On August 8, 2020, the President also signed four executive orders, including the Presidential Memorandum to allow employees to defer certain payroll tax obligations. Shortly thereafter, on August 28, 2020, the Department of Treasury and Internal Revenue Service issued guidance implementing the memorandum. As per Notice 2020-65, deferral is now also permitted on the employee portion of Social Security tax due from September 1, 2020, through December 31, 2020. Employer participation is optional and deferral is only available for employees whose wages or compensation are generally less than $4,000 per bi-weekly pay period (typically workers making less than $100,000 a year). If an employer offers this option to its employees, the employer remains responsible for remitting these taxes to the Internal Revenue Service, on behalf of employees, no later than April 30, 2021. This means that employers will need to collect and pay the Social Security tax due for September 1 through December 31, 2020, in addition to the collected Social Security tax from January 1, 2021, through April 30, 2021. Notice 2020-65 places the responsibility for payment of the deferred amounts on the employer. If the employer does not withhold and remit the deferred employee amounts due by April 30, 2021, the employer (and quite possibly its responsible parties) will very likely be subject to penalties and interest, including the onerous trust fund recovery penalty (the “TFRP”). Internal Revenue Code (IRC) § 6672 provides for assessment of the TFRP against those deemed responsible persons who willfully failed to withhold from employees and remit to the IRS income taxes, employment taxes (which include Social Security taxes), and certain types of excise taxes, which are referred to as the “trust fund” taxes. A responsible person can generally be an officer of a corporation, a partner, a sole proprietor, or an employee of any form of business.

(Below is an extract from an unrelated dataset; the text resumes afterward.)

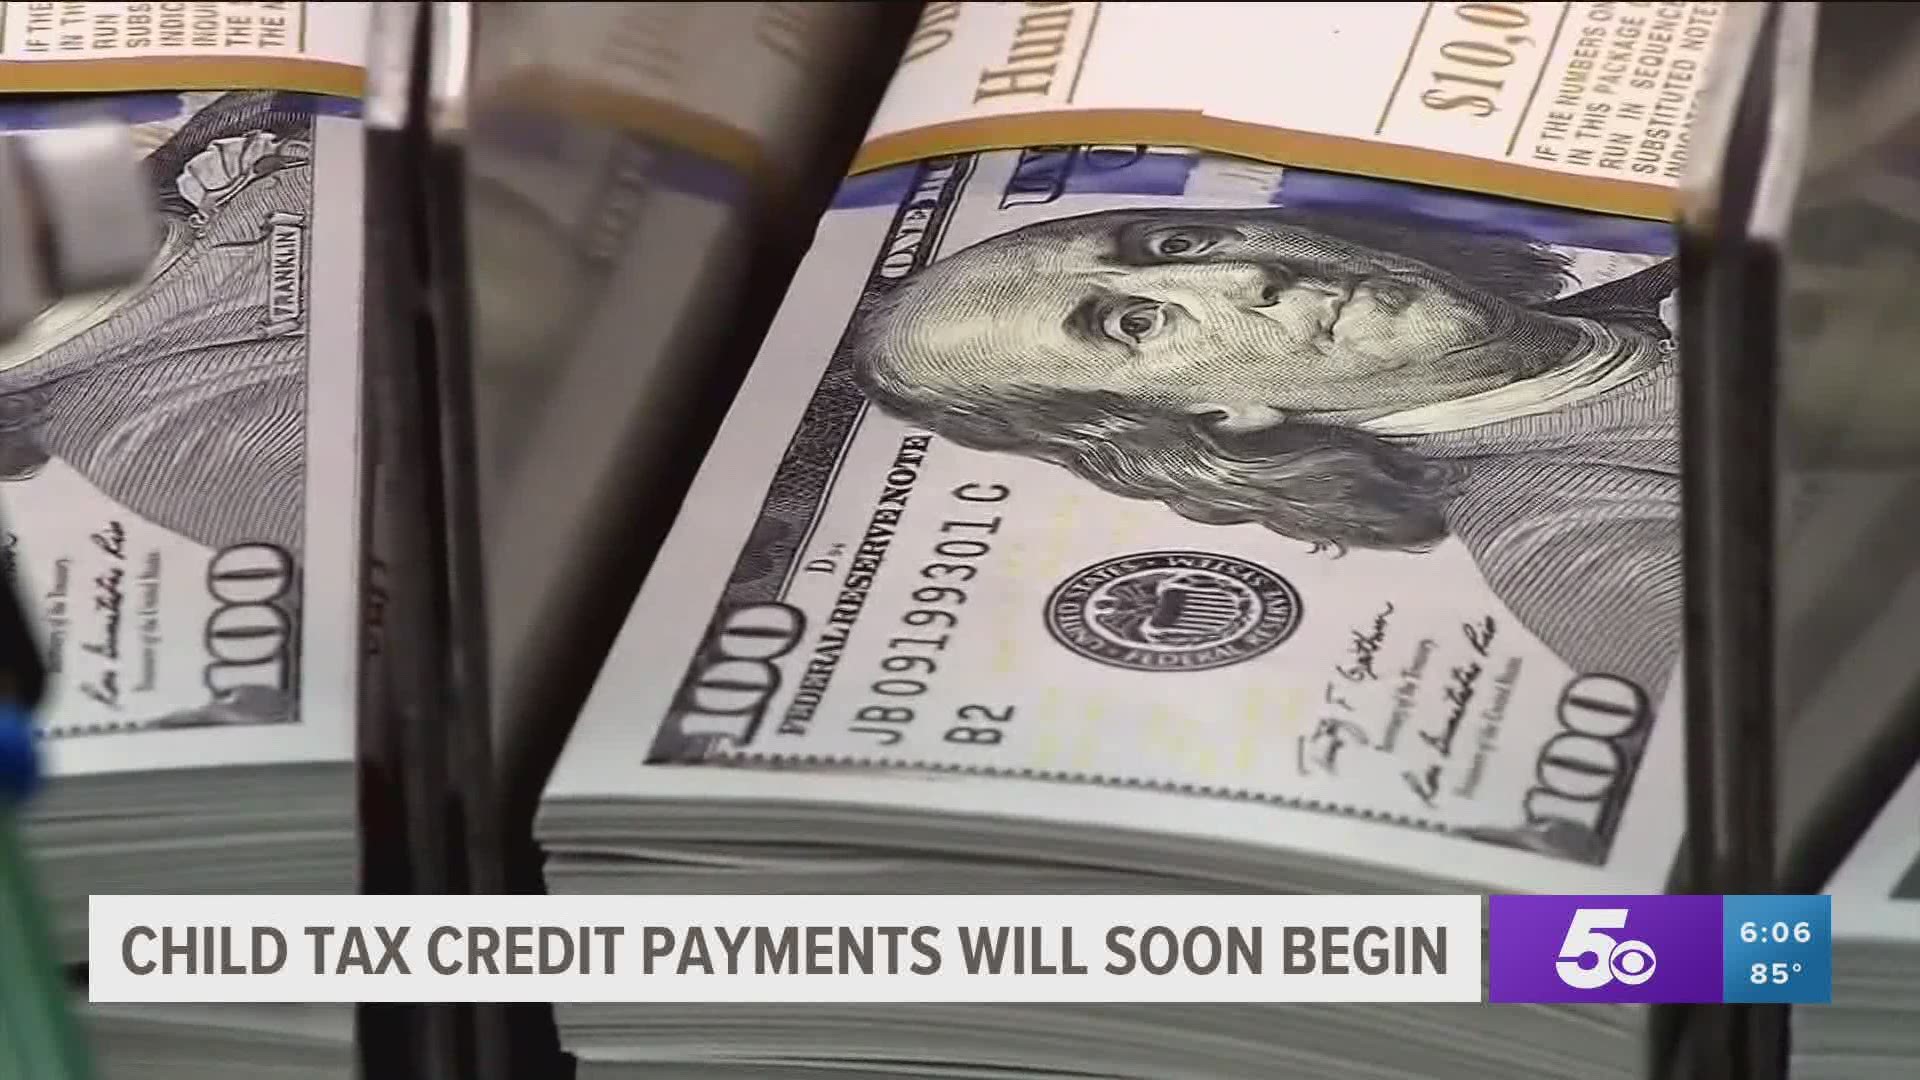 Those payments will start going out to qualifying families starting mid-July.

Although representative of only two of the many government relief provisions enacted in response to the COVID-19 pandemic, these payroll tax deferral actions require consideration in the M&A context. The actions provide liquidity, but the deferrals of such obligations also raise liability concerns that need to be addressed. Consider the following:
- What if a business is sold before one or both of the required installment payments or tax remittances are due?

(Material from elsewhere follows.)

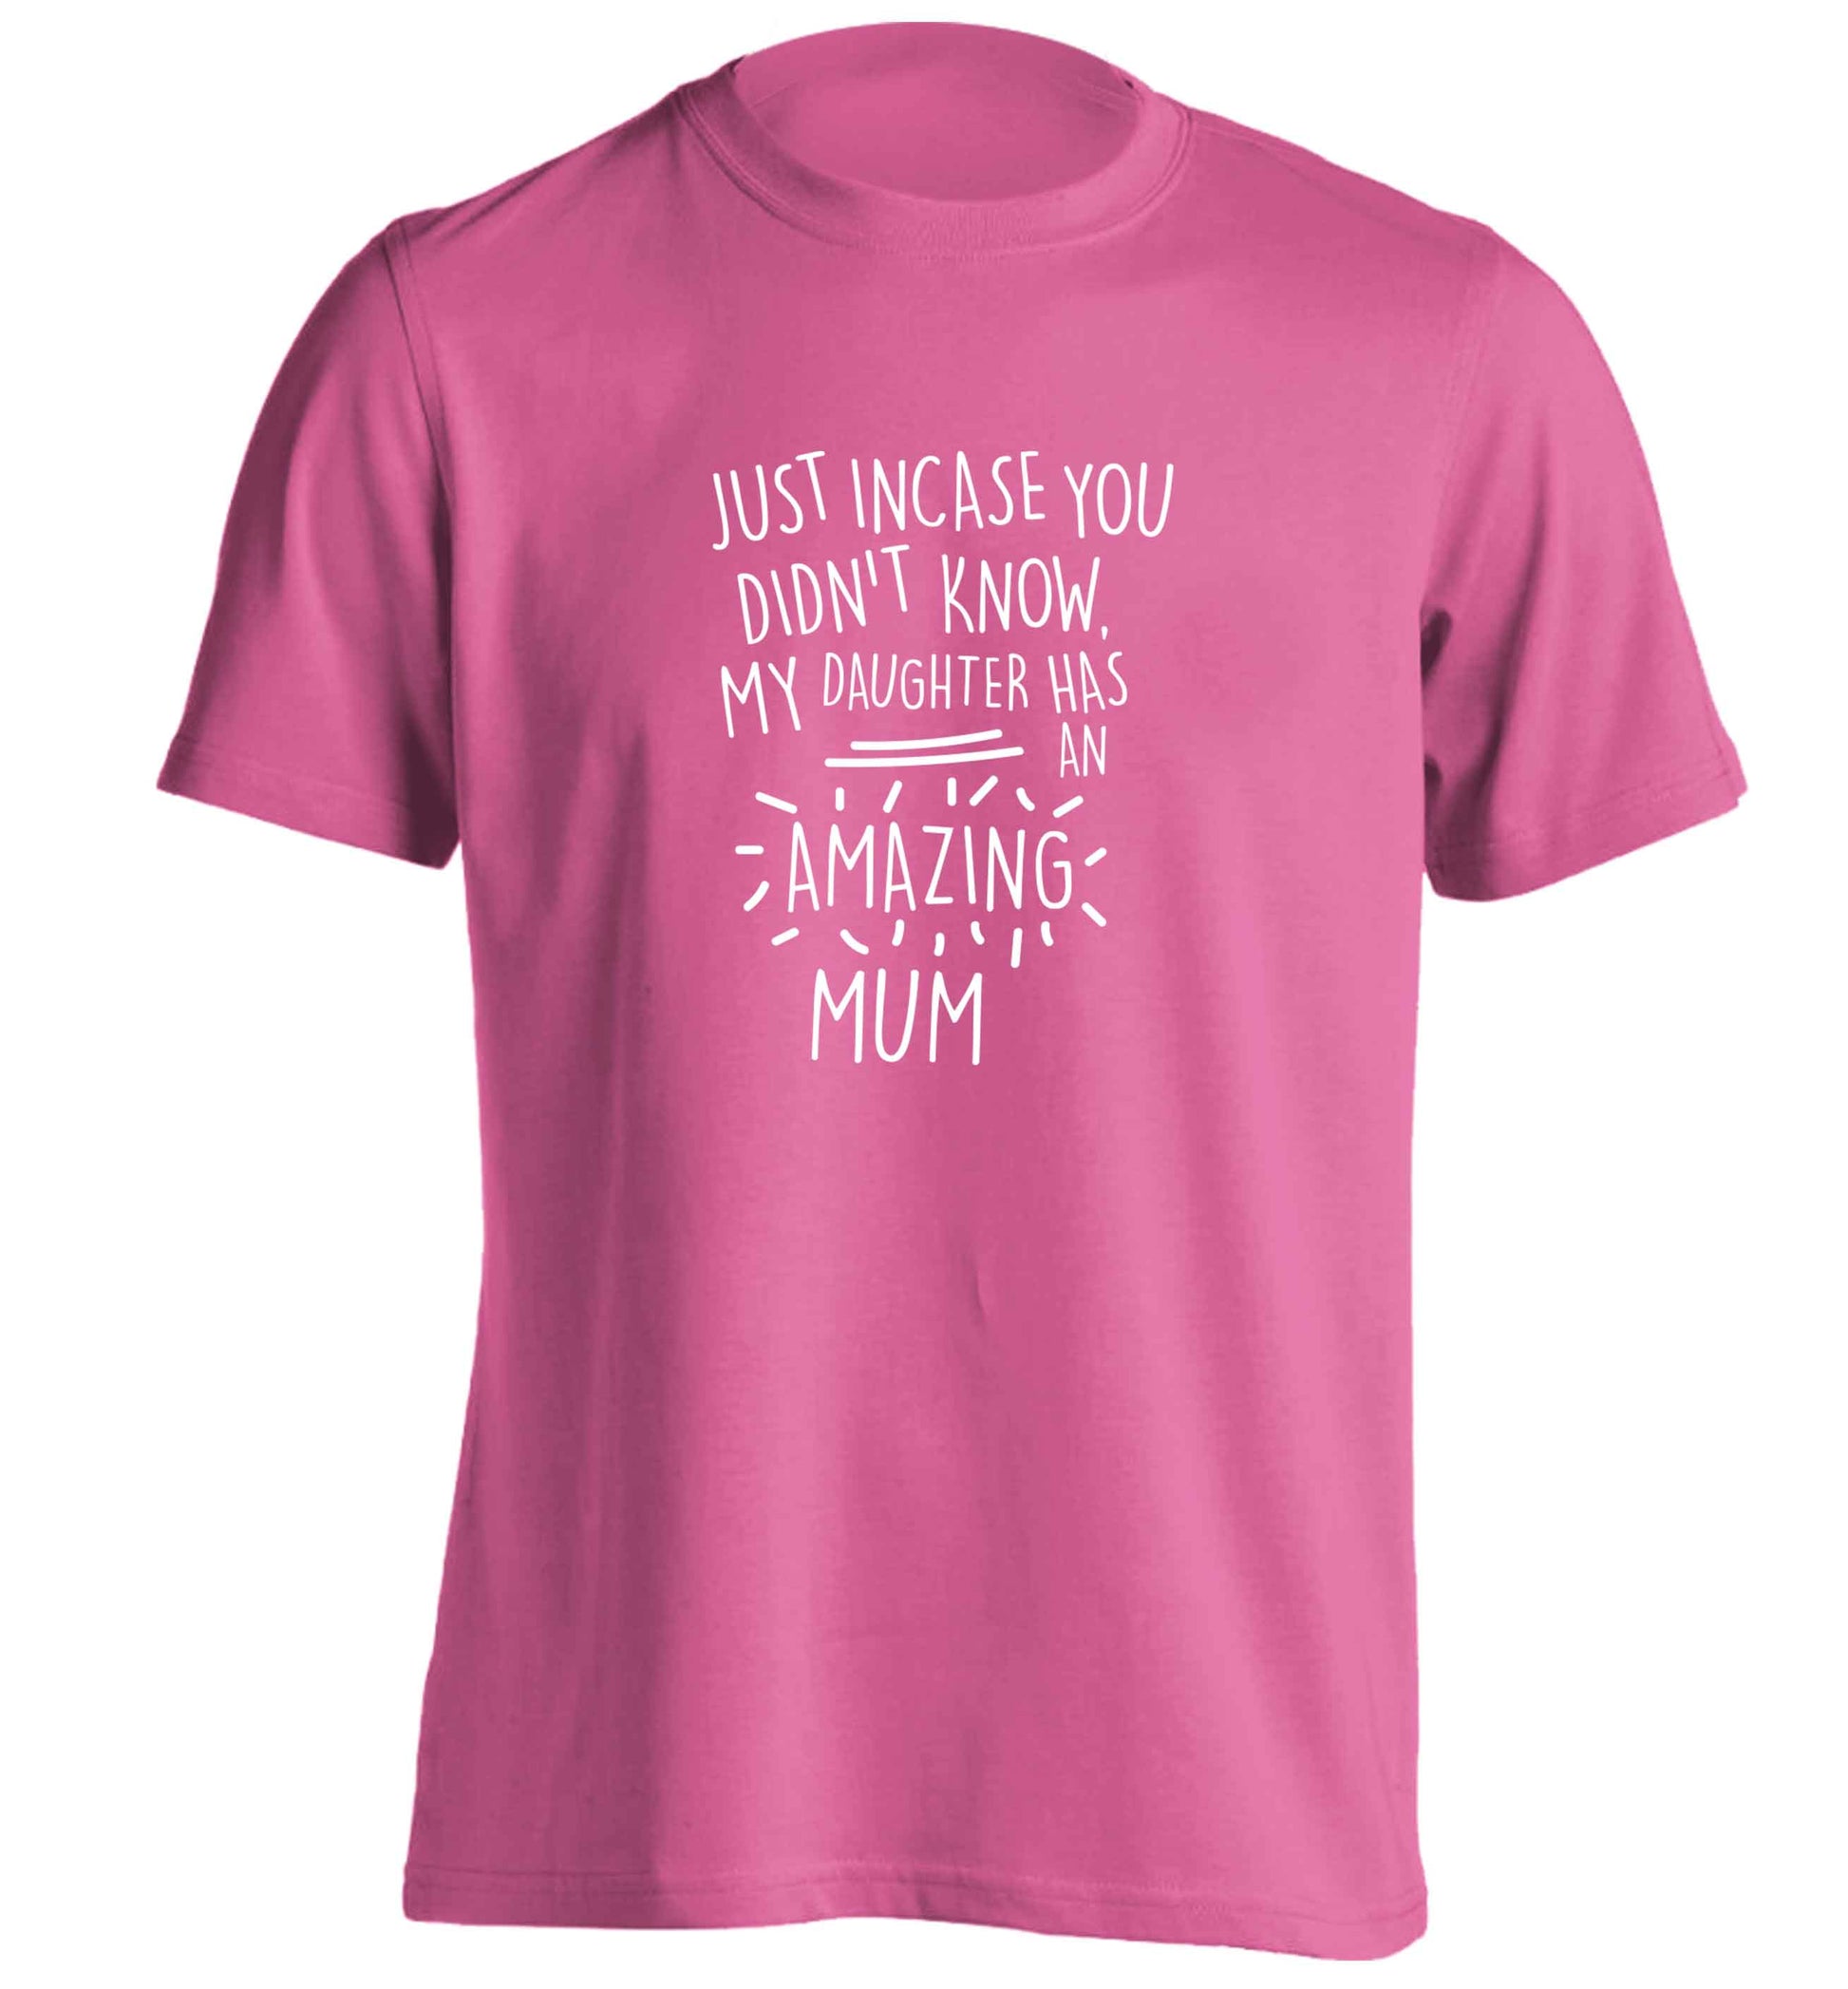 Just incase you didn't know my daughter has an amazing mum adults unisex pink Tshirt 2XL

- What if the deferred amounts due are never paid? Who will be liable?
To avoid any confusion, M&A parties should confirm that deferred payroll taxes are included in net indebtedness or otherwise considered. They should include the deferred payroll taxes in the definition of pre- or post-closing taxes, and determine who is obliged to pay such amounts. If the seller is responsible, a buyer (as well as any deemed responsible persons with respect to any employee portion) will want to make sure that the seller has sufficient liquidity to cover the liability because ultimate responsibility will fall back to the company (and such responsible persons). If the buyer is responsible, the purchase price may be adjusted, especially in equity transactions. Lastly, tax representations and warranties, as well as tax indemnifications, should be utilized as necessary to ensure the transaction – as it relates to such deferrals – is fair to both buyer and seller.
If you have any questions about payroll tax deferral, payroll tax liabilities, and/or the importance of tax due diligence, please do not hesitate to contact me or another attorney here at Farrell Fritz, P.C.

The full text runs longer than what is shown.